Recent increases in the power of commodity microprocessors have made Beowulfs viable research tools. Given the nature of biochemical simulations, however, increases in CPU power, no matter how impressive, are insufficient if significant progress is to be made in computational biology. Fortunately, high-speed, low latency network technology has also been developing rapidly. The LoBoS cluster utilizes high-speed InfiniBand technology for this purpose. The coupling of high speed networking with powerful commodity processes provides three main research benefits:
Improved Sampling: The time scale of simulations can be extended and simulations can be run multiple times to get a better idea of statistical significance of results.
Increased System Size: The ability to add more atoms to simulations allows for the tackling of more complex problems.
More Accurate Theory: In practice, most methodological improvements result in an increase in computational cost. However, some of this cost can be offset by parallelization and efficient network management. For example, the inclusion of dynamic electron correlation in the quantum mechanical portion of a QM/MM calculation can increase the scaling of computations by a factor of three.
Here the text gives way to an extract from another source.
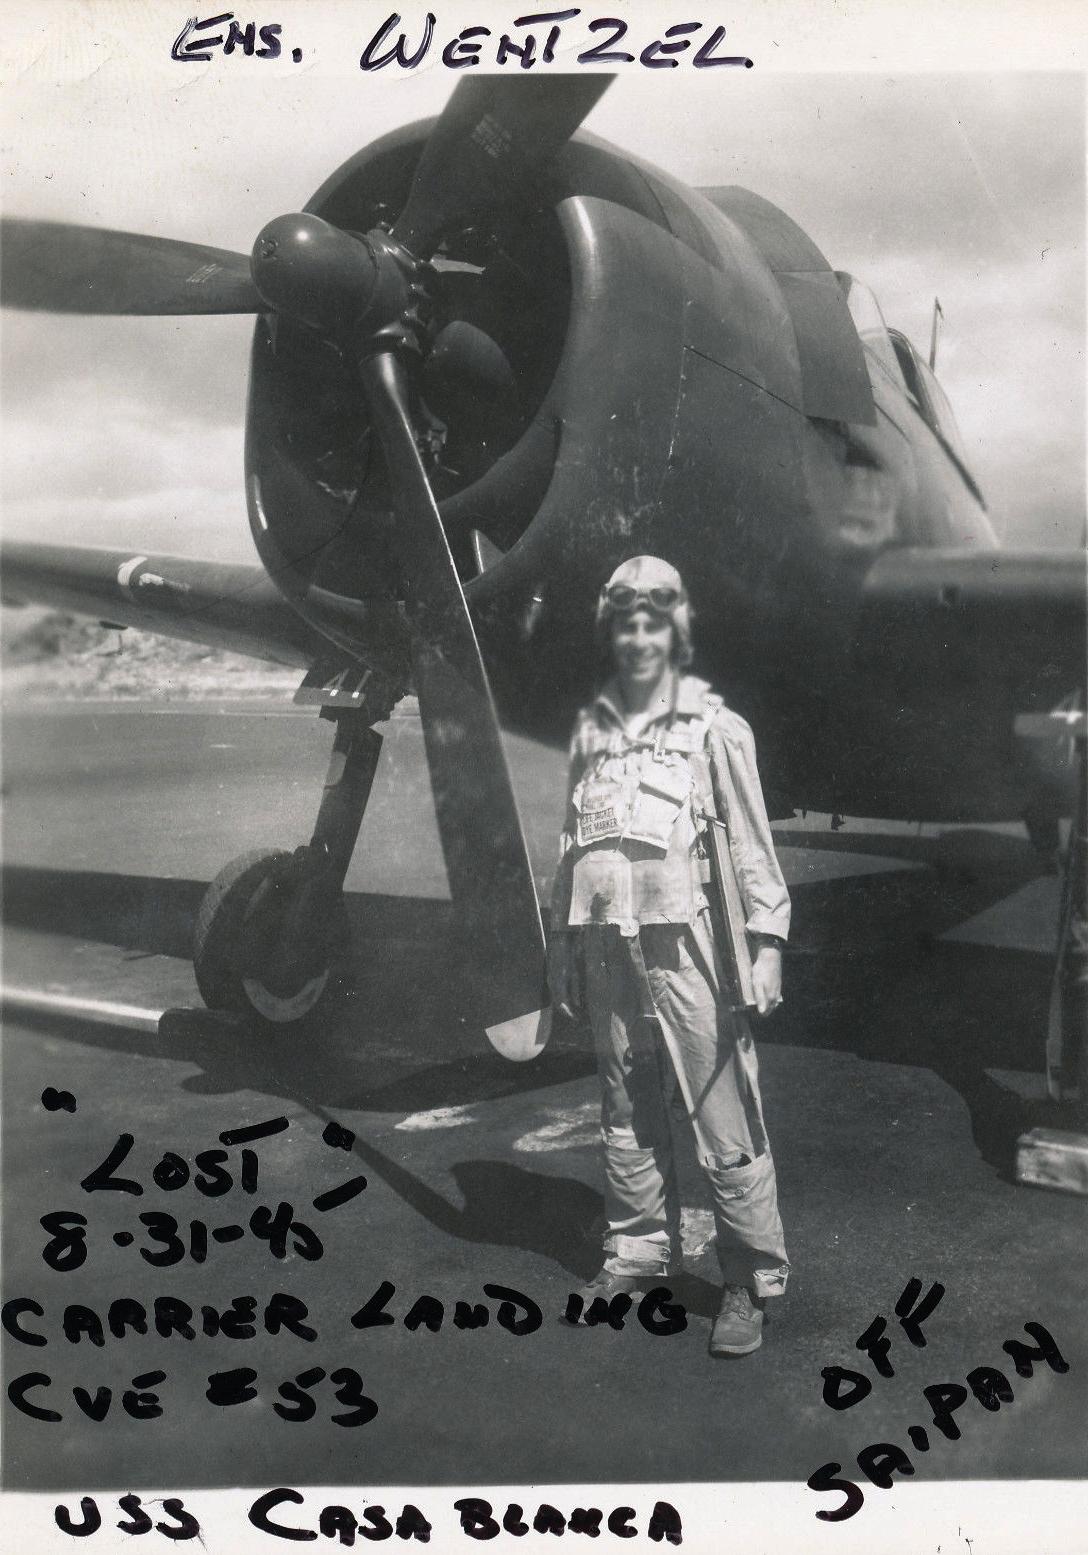 Aircrew USN VBF 8 Ens William Everett Wentzel KIA 31st Aug 1945 carquals CVE 53 USS Casablanca off Saipan F6F 5 BuNo 72016 01

The LoBoS business model is to purchase many machines equipped with commodity-priced processors rather than investing in expensive supercomputers. This has achieved a tenfold reduction in the computing costs of the research that the laboratory conducts. This plan also affords greater flexibility, as researchers can use small programs which only use one cluster node or achieve true parallel computing using many nodes. Finally, it is a very efficient use of funds because when LoBoS cluster nodes are updated to take advantage of new technology, which generally happens every 18-24 months, the old nodes can easily be converted into general purpose server machines, thus increasing their service life.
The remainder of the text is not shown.